I need to be able to encode the string in UTF-8 format with or without certain characters.
Update:
For my particular case the socket service was an MTA and thus I only expect to receive ASCII commands such as:
EHLO example.com
MAIL FROM: <john.doe@example.com>
...
All of this was logged in JSON.
Then other people with bad motives decided to mail all kinds of garbage.
That is why, in my case, stripping the non-ASCII characters is entirely acceptable.
Asked by transilvlad
Solution #1
http://docs.python.org/howto/unicode.html#the-unicode-type
str = unicode(str, errors='replace')
or
str = unicode(str, errors='ignore')
Note that this will remove (ignore) the characters in question, leaving the string empty.
For me this is ideal case since I’m using it as protection against non-ASCII input which is not allowed by my application.
Alternatively, to read in the file, use the open method from the codecs module:
import codecs
with codecs.open(file_name, 'r', encoding='utf-8',
errors='ignore') as fdata:
Answered by transilvlad
Solution #2
I was able to solve the problem by switching the engine from C to Python.
Engine is C:
pd.read_csv(gdp_path, sep='\t', engine='c')
Engine is Python:
pd.read_csv(gdp_path, sep='\t', engine='python')
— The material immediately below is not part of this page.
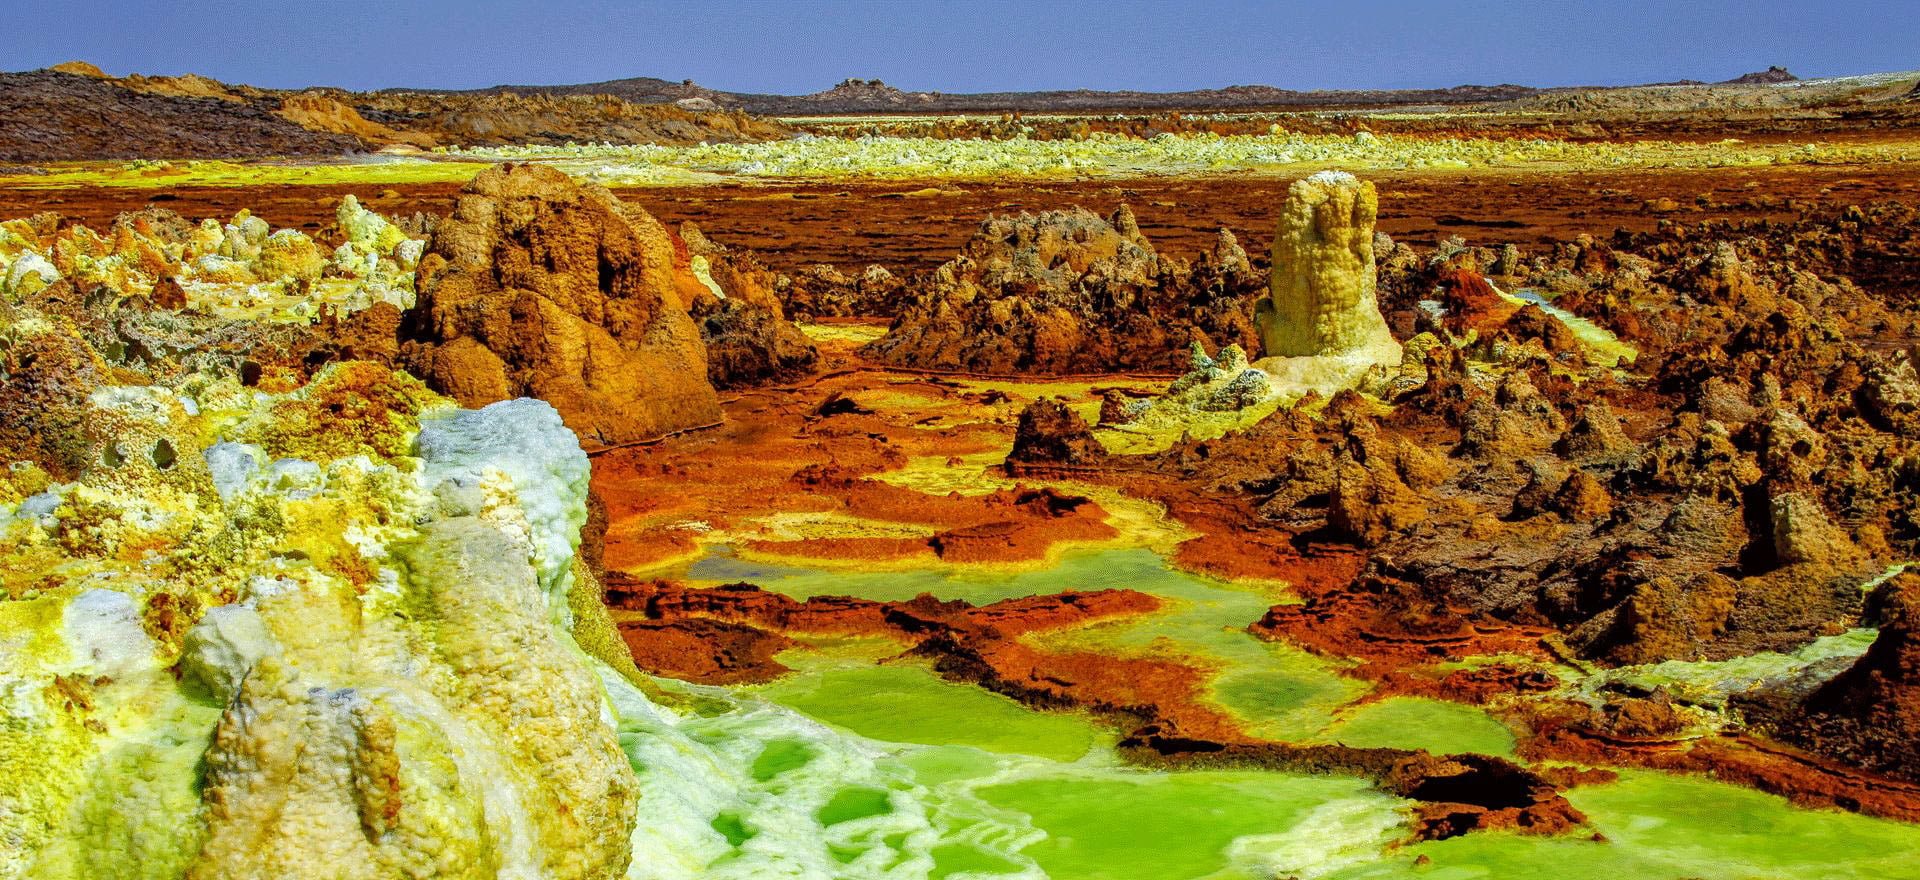 Dallol hot springs - Ethiopia Holidays and Tours

For me, there are no mistakes.
Answered by Doğuş
Solution #3
This is a problem I’m having now that I’ve switched to Python 3. I had no notion Python 2 was just steamrolling any file encoding difficulties.
After none of the above worked, I came across this helpful description of the differences and how to find a solution.
http://python-notes.curiousefficiency.org/en/latest/python3/text_file_processing.html
In short, to make Python 3 behave as similarly as possible to Python 2 use:
with open(filename, encoding="latin-1") as datafile:
# work on datafile here
However, as you’ll see from the rest of the essay, there is no one-size-fits-all approach.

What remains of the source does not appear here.